1 – Área de Pediatria Médica, Hospital Dona Estefânia, CHLC,EPE;
2 - Unidade de Imunodeficiências Primárias, Hospital Dona Estefânia, CHLC,EPE;
3 - Unidade de Reumatologia, Hospital Dona Estefânia, CHLC,EPE;

Pediatric Rheumatology European Society Congress, 2014; Congresso Internacional; Poster

Introduction: Mechanisms of autoimmunity in primary immunodeficiencies (PID) are, in many situations, unclear. Despite being linked with many PIDs (namely humoral), juvenile idiopathic arthritis (JIA) has rarely been associated with DNA-repair disorders, such as Ataxia-telangiectasia (A-T).
We report a case of JIA-like in a male patient with A-T.
Clinical case: A 3 year-old boy with A-T presented with pain and swelling of fourth metatarsophalangeal (MTP) joint of left foot. Six months later, this symptom persists and arthritis of the left knee was noted, so he was referred to rheumatology consult. At first evaluation he had arthritis of both knees, left ankle and 4th MTF of the left foot and tenosynovitis of second finger of the right hand. His immune evaluation revealed an important CD4 naif lymphopenia, abnormal proliferative responses to mitogens, skewed Vbeta repertoire and expanded gammadelta T cells, as well as conserved humoral response. Laboratory investigations showed erythrocyte sedimentation rate 25 mm/hr, C- reactive protein 14.5 mg/l, antinuclear antibodies positive (1/80), anti-cyclic citrullinated protein antibodies and rheumatoid factor were negative. A JIA-like disease was assumed, he started ibuprofen (30 mg/kg/day), and a chemical synovectomy with triamcinolone hexacetonide (TH) was performed (knees and ankle). Ten months after diagnosis, knees and left ankle remain without active synovitis, but active 4th MTP of left foot and tenosynovitis of 2nd finger of right hand persists despite moderate improvement. Taking in account the underlying immune defect methotrexate was not an option and hydroxichloroquine (5 mg/kg/day) was started.
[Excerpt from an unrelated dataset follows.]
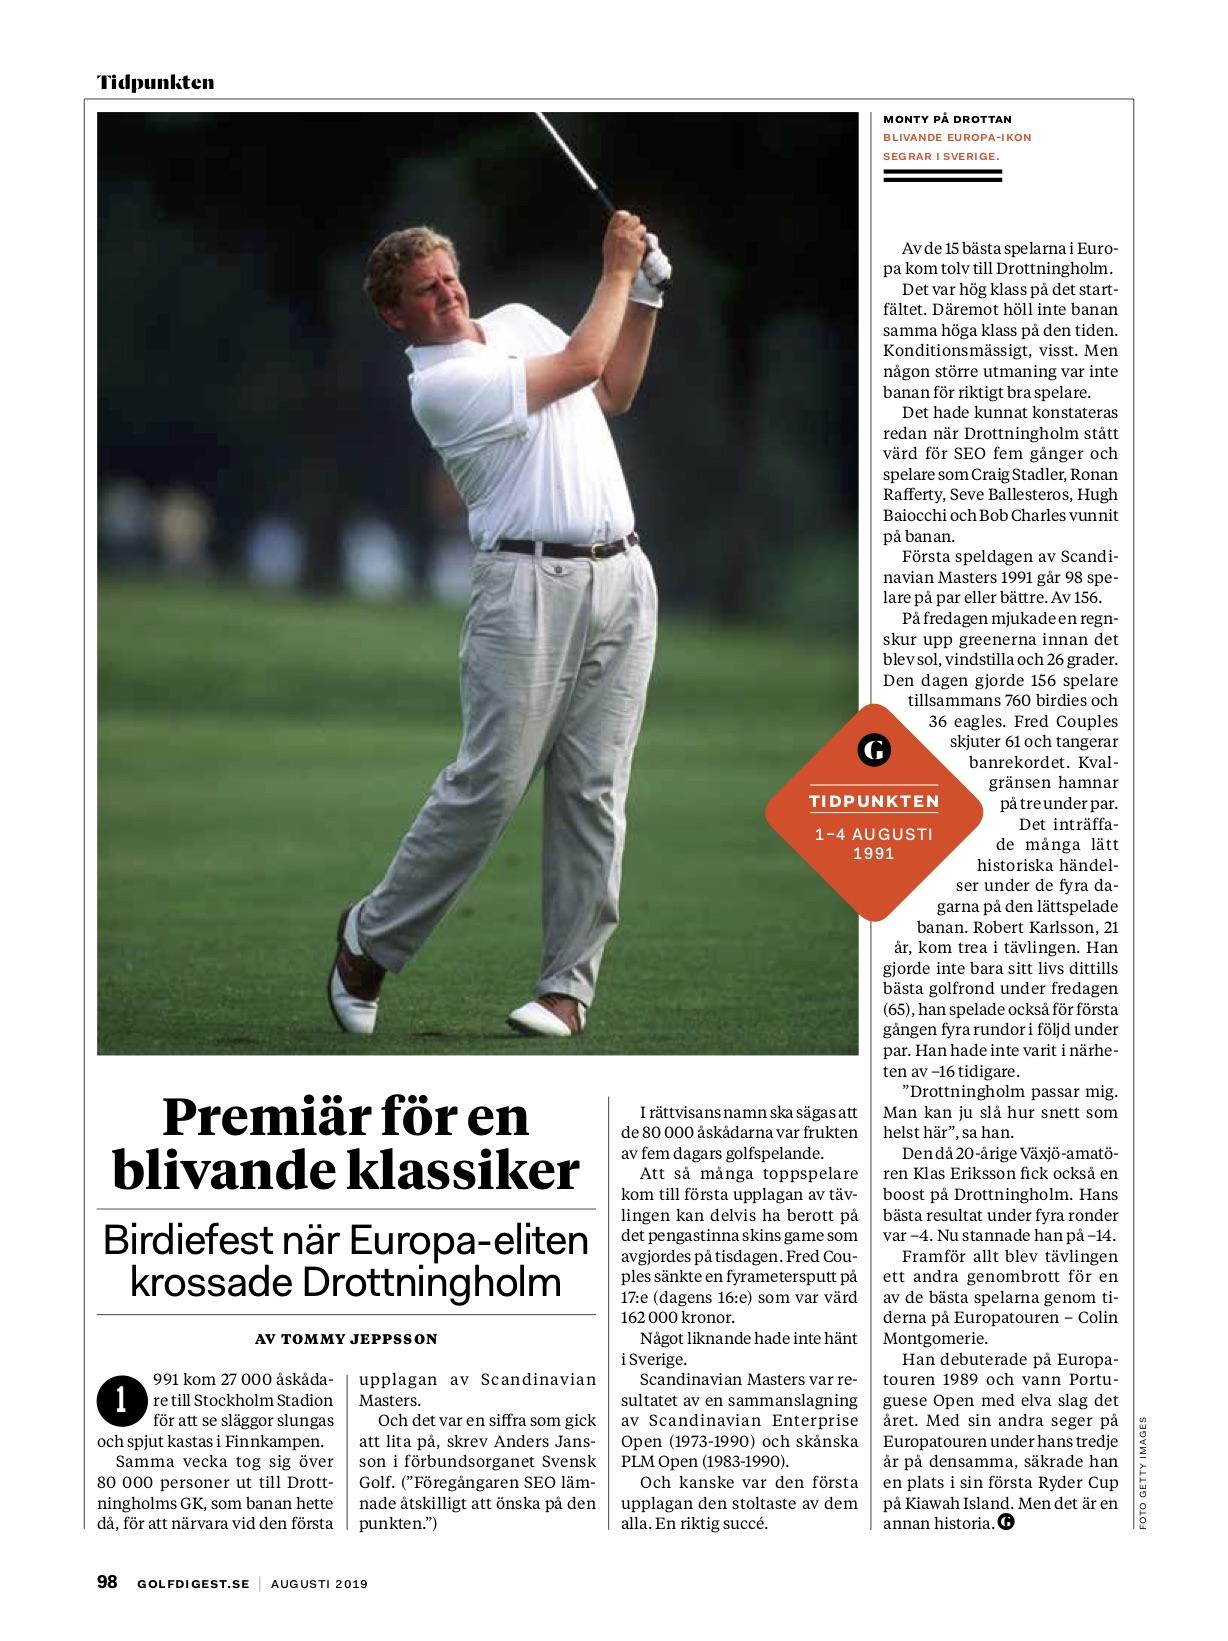 Birdiefest på Drottningholm – krönika om en klassisk golftävling för Golf Digest

Conclusion: This case seems to be the first known pediatric patient with A-T who developed chronic, JIA-like oligoarthritis. The management of these patients is particularly difficult because they are extremely susceptible to DNA damage and show an unusual susceptibility to viral infections (namely herpetic). These features are very important when considering the best therapeutic options for JIA-like disease.